# Inference Sample

SPDX-FileCopyrightText: Copyright (c) <year> NVIDIA CORPORATION & AFFILIATES. All rights reserved.
SPDX-License-Identifier: LicenseRef-NvidiaProprietary

NVIDIA CORPORATION, its affiliates and licensors retain all intellectual property and proprietary rights in and to this material, related documentation and any modifications thereto. Any use, reproduction, disclosure or distribution of this material and related documentation without an express license agreement from NVIDIA CORPORATION or its affiliates is strictly prohibited.

### Prerequisite

**Before diving in, ensure you have all [necessary prerequisites](https://docs.nvidia.com/bionemo-framework/latest/pre-reqs.html). If this is your first time using BioNeMo, we recommend following the [quickstart guide](https://docs.nvidia.com/bionemo-framework/latest/quickstart-fw.html) first.** 

Additionally, this notebook assumes you have started a [local inference server](https://docs.nvidia.com/bionemo-framework/latest/inference-triton-fw.html) using a pretrained [MegaMolBART](https://docs.nvidia.com/bionemo-framework/latest/models/megamolbart.html) model.

In [None]:
import warnings

warnings.filterwarnings('ignore')
warnings.simplefilter('ignore')

In [None]:
from typing import List
from pathlib import Path
import os

try:
    BIONEMO_HOME: Path = Path(os.environ['BIONEMO_HOME']).absolute()
except KeyError:
    print("Must have BIONEMO_HOME set in the environment! See docs for instructions.")
    raise

config_path = BIONEMO_HOME / "examples" / "molecule" / "megamolbart" / "conf"
print(f"Using model configuration at: {config_path}")
assert config_path.is_dir()

### Setup and Test Data

`InferenceWrapper` is an adaptor that allows interaction with inference service.

In [None]:
smis = [
    'c1ccc2ccccc2c1',
    'COc1cc2nc(N3CCN(C(=O)c4ccco4)CC3)nc(N)c2cc1OC',
]

In [None]:
from bionemo.utils.hydra import load_model_config

cfg = load_model_config(config_name="infer.yaml", config_path=config_path)

In [None]:
from bionemo.triton.utils import load_model_for_inference
from bionemo.model.molecule.megamolbart.infer import MegaMolBARTInference

inferer = load_model_for_inference(cfg, interactive=True)
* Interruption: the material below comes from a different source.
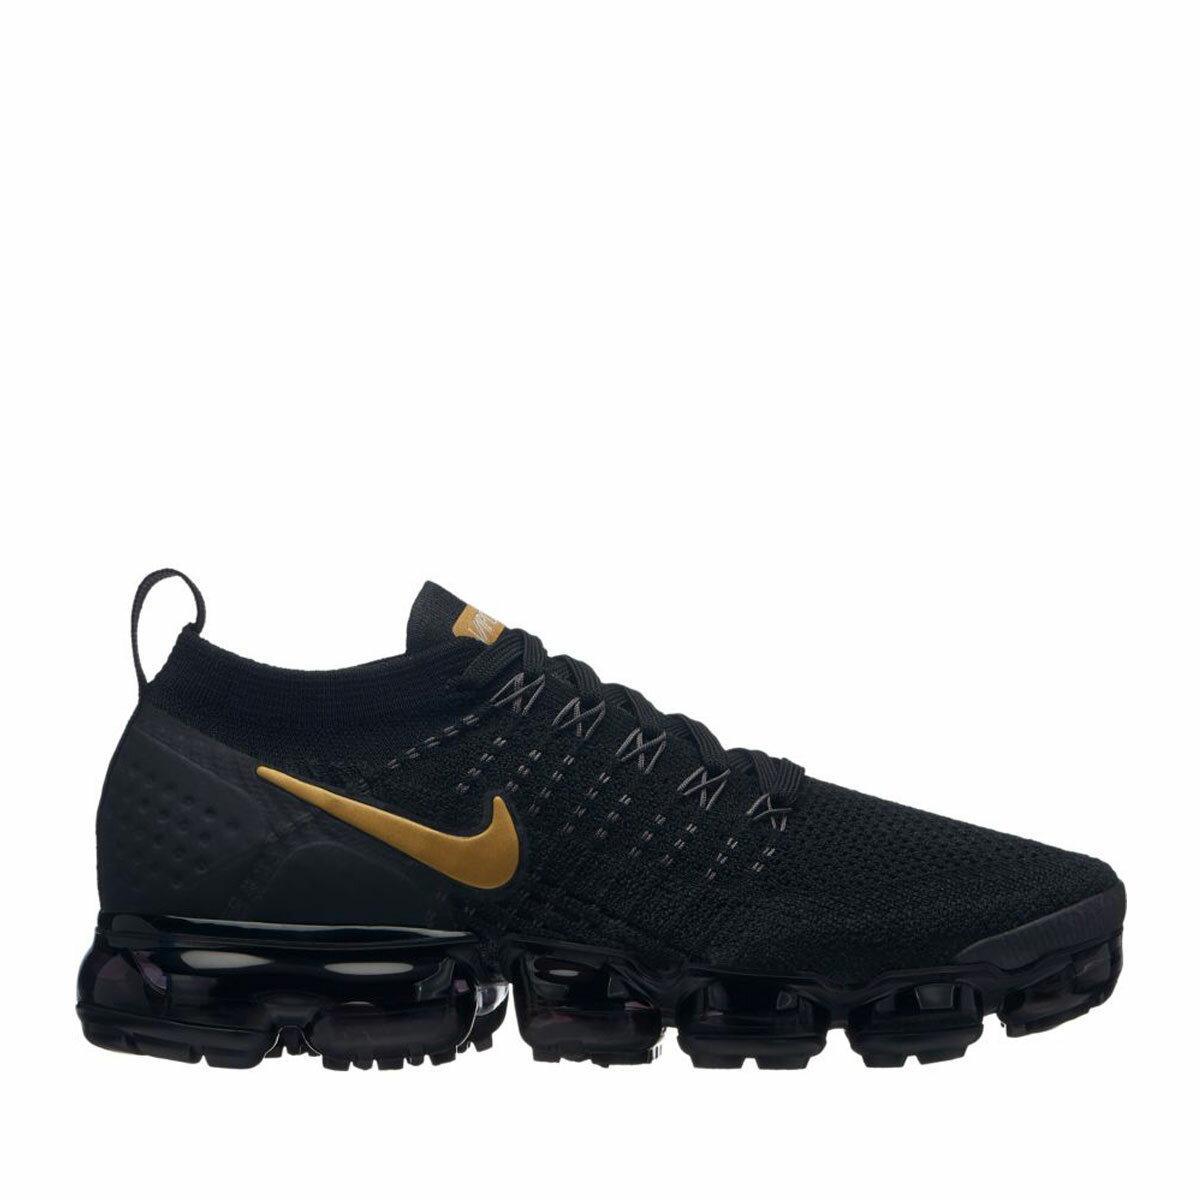 メンズ靴, スニーカー NIKE W AIR VAPORMAX FLYKNIT 2(BLACKMETALLIC GOLD-MTLC PLATINUM)( 2)18HO-I
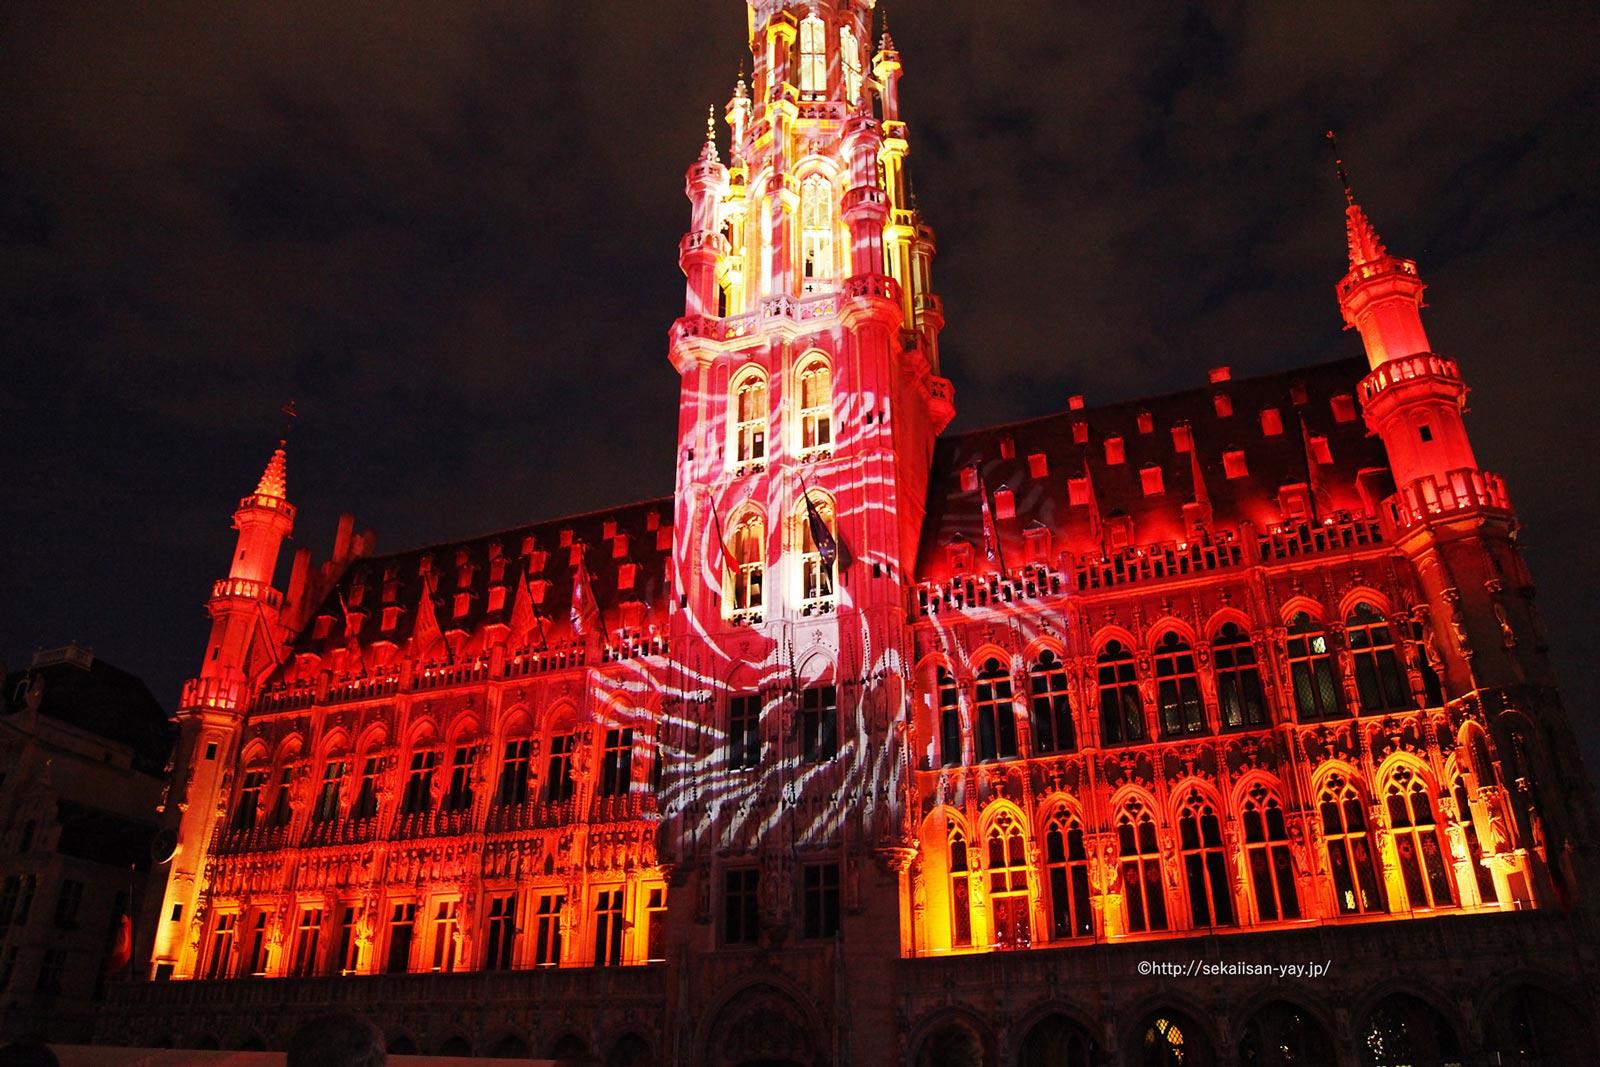 ベルギー「ブリュッセルのグラン-プラス」夜景

print(f"Loaded a {type(inferer)}")
assert isinstance(inferer, MegaMolBARTInference)

### SMILES to hidden state

`seq_to_hiddens` obtains the model's latent space representation of the SMILES.

In [None]:
hidden_states, pad_masks = inferer.seq_to_hiddens(smis)
print(f"{hidden_states.shape=}")
print(f"{pad_masks.shape=}")

assert tuple(hidden_states.shape) == (2, 45, 512)
assert tuple(pad_masks.shape) == (2, 45)

In [None]:
embeddings = inferer.hiddens_to_embedding(hidden_states, pad_masks)
print(f"{embeddings.shape=}")
assert tuple(embeddings.shape) == (2, 512)

### SMILES to Embedding

`smis_to_embedding` queries the model to fetch the encoder embedding for the input SMILES.

In [None]:
embedding = inferer.seq_to_embeddings(smis)
print(f"{embedding.shape=}")
assert tuple(embedding.shape) == (2, 512)

Note that this is equivalent to first producing the hidden representation, then using the input mask to produce embeddings with the encoder.

### Hidden state to SMILES

`hidden_to_smis` decodes the latent space representation back to SMILES.

In [None]:
from rdkit import Chem


def canonicalize_smiles(smiles: str) -> str:
    """Canonicalize input SMILES"""
    mol = Chem.MolFromSmiles(smiles)
    canon_smiles = Chem.MolToSmiles(mol, canonical=True)
    return canon_smiles

In [None]:
infered_smis = inferer.hiddens_to_seq(hidden_states, pad_masks)
canon_infered_smis = list(map(canonicalize_smiles, infered_smis))
print(f"Reconstructed SMILES:\n{canon_infered_smis}")
assert len(canon_infered_smis) == 2
for i, (original, reconstructed) in enumerate(zip(smis, canon_infered_smis)):
    assert original == reconstructed, f"Failure to recongstruct on #{i+1}: {original=}, {reconstructed=}"

### Sampling: Generate SMILES


In [None]:
samples = inferer.sample(num_samples=3, return_embedding=False, sampling_method="greedy-perturbate", seqs=smis)
print(f"Generated {len(samples)} samples")

assert len(samples) == 2
for i,s in enumerate(samples):
    print(f"Sample #{i+1} (length: {len(s)}):\n{s}\n-----------------------")
    assert len(s) == 3